_Work request_
Pictures in the data must not be copied, but everything else should be output exactly.

-- Data block follows --

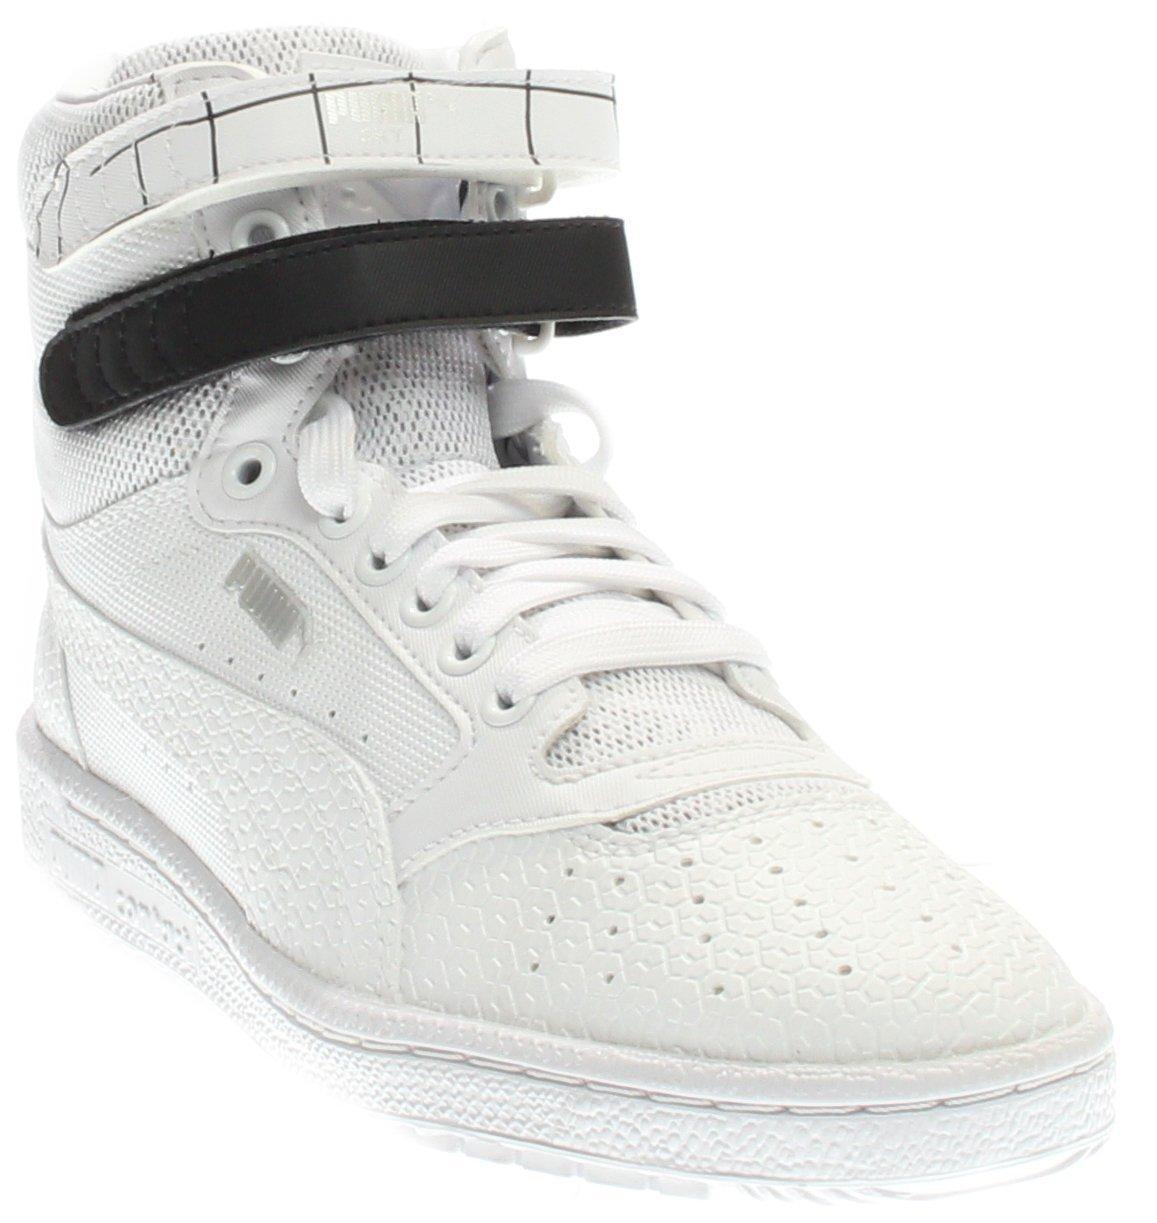 PUMA Women's Sky Ii Hi Sf Texture WN's Basketball Shoe, White Black, 9 M US
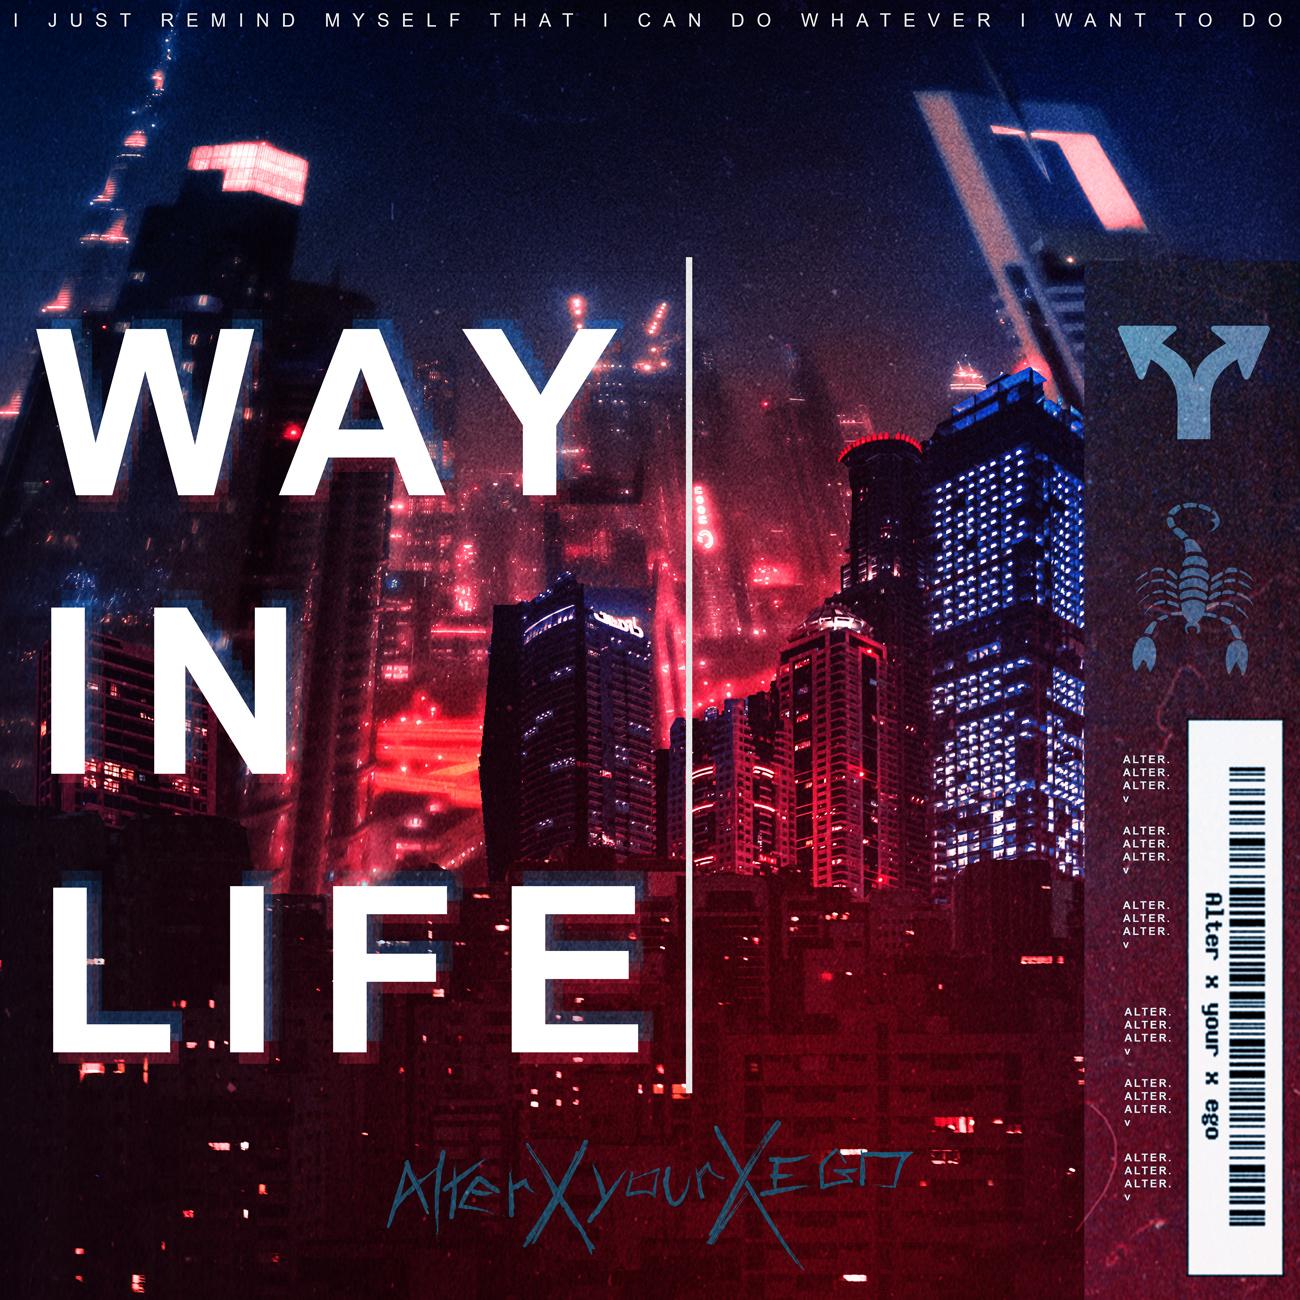 WAY IN LIFE - Single / Alterxyourxego
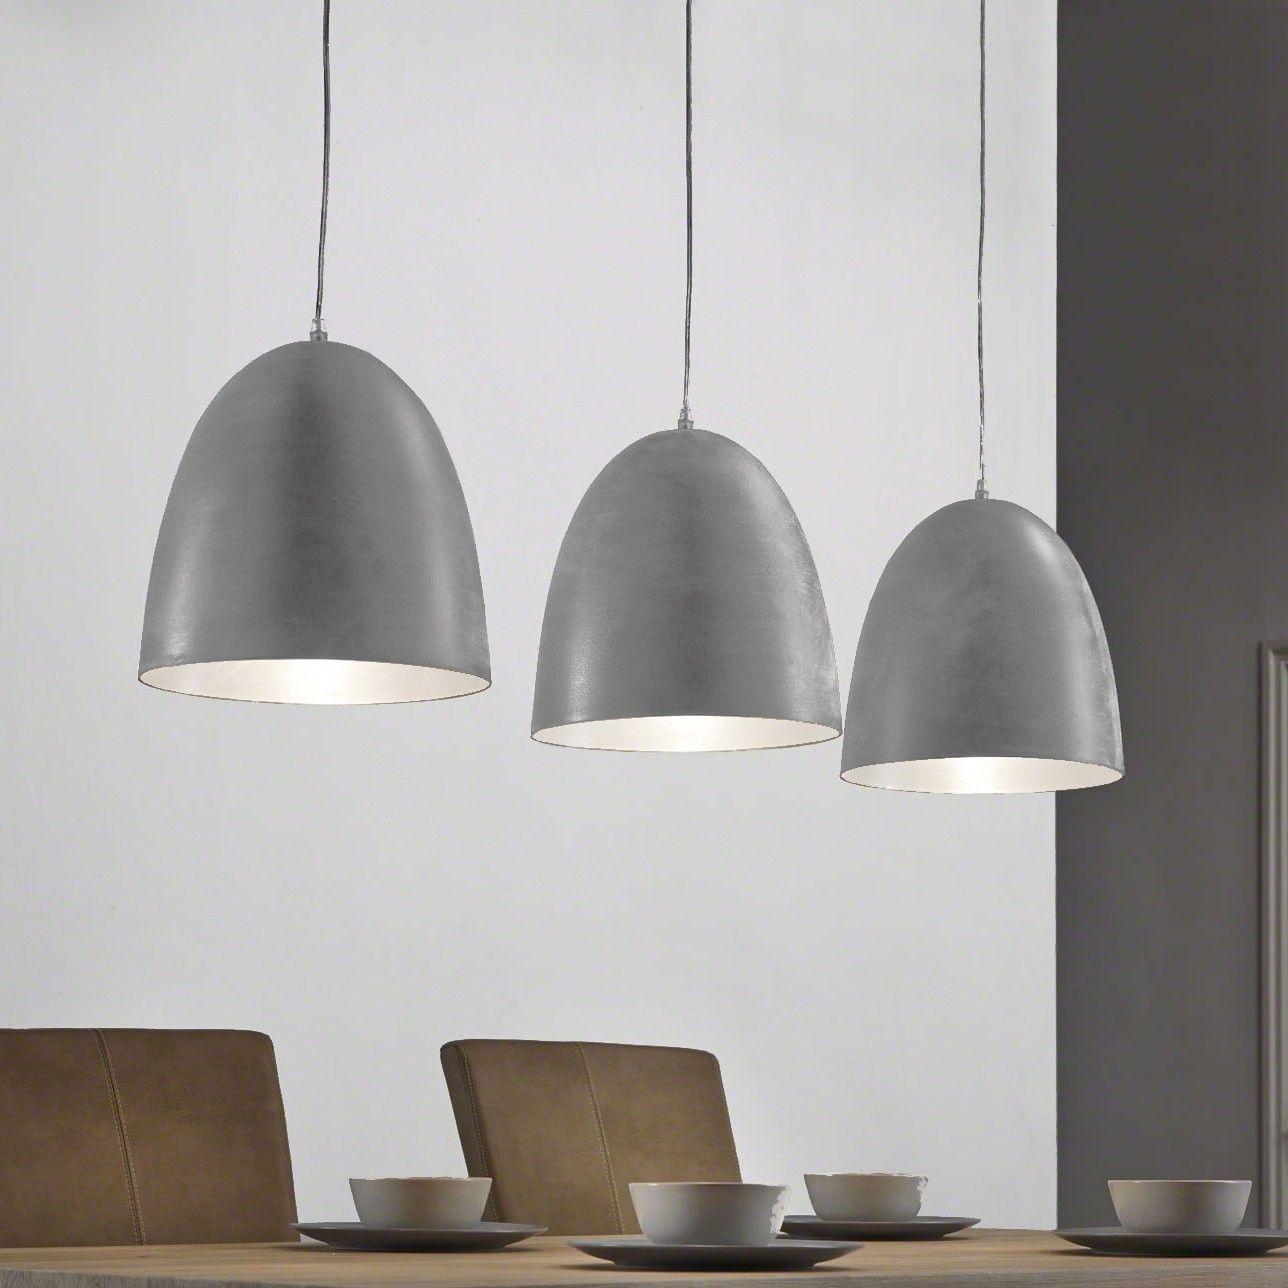 Industriele Hanglamp Florence 3 Lamps Kleur Grijs Industriele Hanglampen Hanglamp Lampen
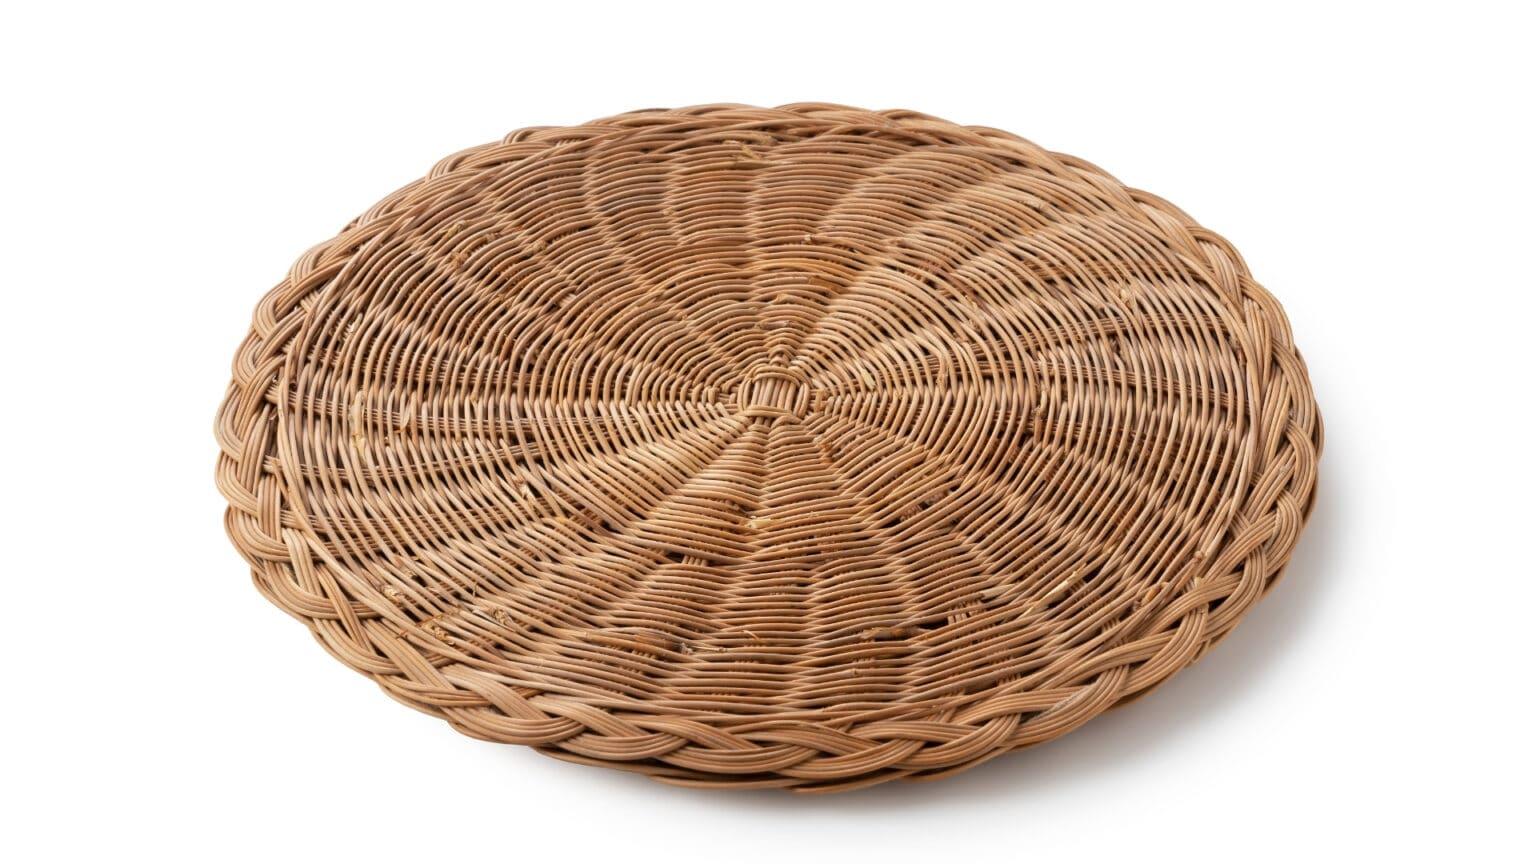 Alternatives to Wood

-- Data block concluded --

_Solution to the problem_
 PUMA Women's Sky Ii Hi Sf Texture WN's Basketball Shoe, White Black, 9 M US
 WAY IN LIFE - Single / Alterxyourxego
 Industriele Hanglamp Florence 3 Lamps Kleur Grijs Industriele Hanglampen Hanglamp Lampen
 Alternatives to Wood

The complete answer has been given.